AutosIIHS and Euro NCAP raise the bar for vehicle safety standards

IIHS and Euro NCAP raise the bar for vehicle safety standards

American crash tests are in some respects more rigorous than European ones.
American crash tests are in some respects more rigorous than European ones.
Images source: © Press materials | IIHS
9:36 AM EDT, March 10, 2024

Meanwhile, Euro NCAP has announced significant updates. Starting in 2024, their evaluation process will extend beyond assessing vehicle safety features. It will now consider the potential distractions caused by transferring essential driver functions to touchscreen displays. In the United States, similar progressive changes are underway. The IIHS has declared that achieving either a complete (Top Safety Pick+) or a partial (Top Safety Pick) endorsement for car models will become more challenging.

The IIHS plans to introduce new assessment criteria in addition to the established ones.
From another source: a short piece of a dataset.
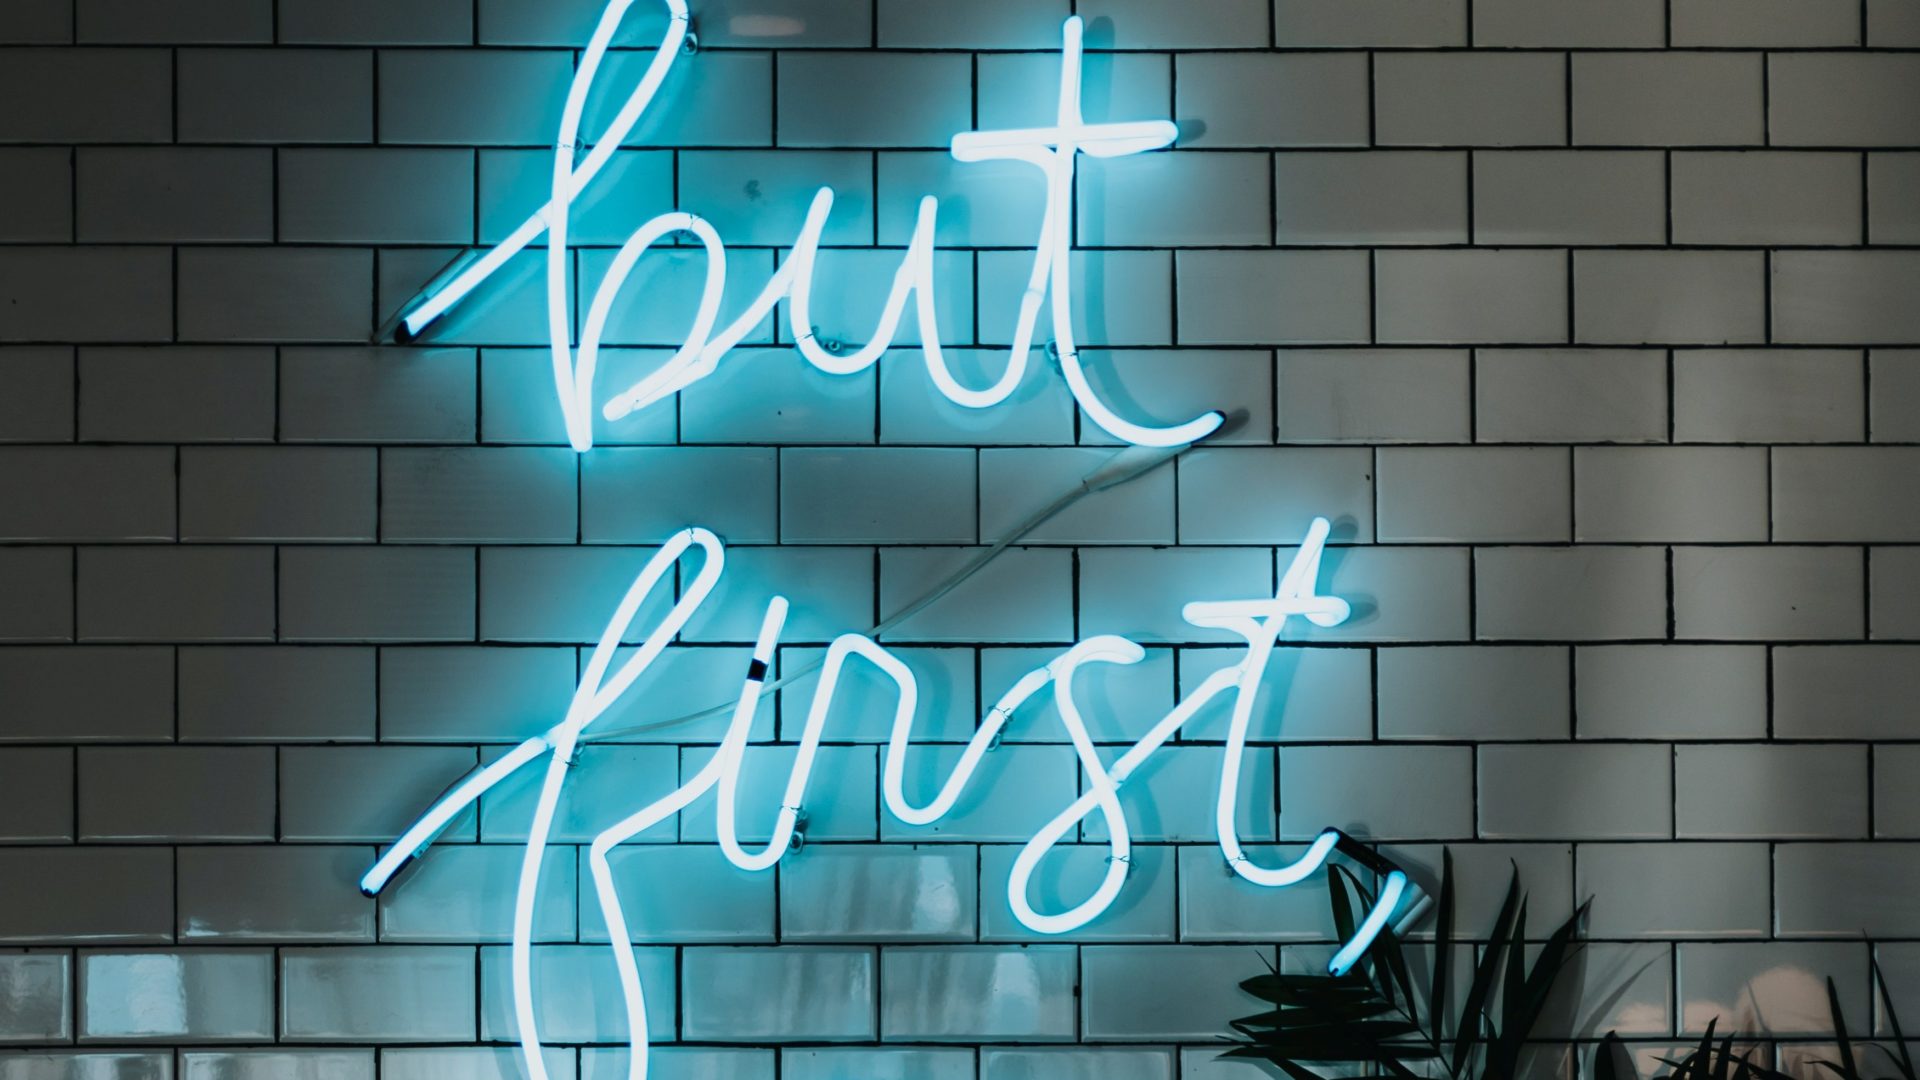 Neon sign saying "but first"

From 2024, a vehicle must secure at least 3 out of 4 points in the pedestrian avoidance test to earn any recommendation. This criterion is important, especially considering it includes the performance of systems designed to prevent pedestrian collisions at night. The IIHS administers these tests in various conditions, including after dark, with two distinct scenarios outlined.

In the first scenario, a pedestrian is positioned at the road's edge while the tested vehicle approaches at speeds of 25 mph, followed by 37 mph. In the second scenario, a dummy representing an adult steps onto the roadway as the car moves at speeds of 12 mph and then 25 mph, mirroring real-world situations more closely. Euro NCAP limits its nighttime testing to instances involving a pedestrian standing on the road.

New IIHS criteria also stipulate improved protection measures for backseat passengers. This is assessed during frontal collision tests, where dummies that simulate passengers in the second row are utilized, and their resultant injuries are meticulously evaluated.

Given the United States' vast influence in shaping global automotive standards, these stricter safety requirements could motivate car manufacturers worldwide to adhere to American regulations across all markets. Consequently, Europeans might also benefit from these enhanced safety measures.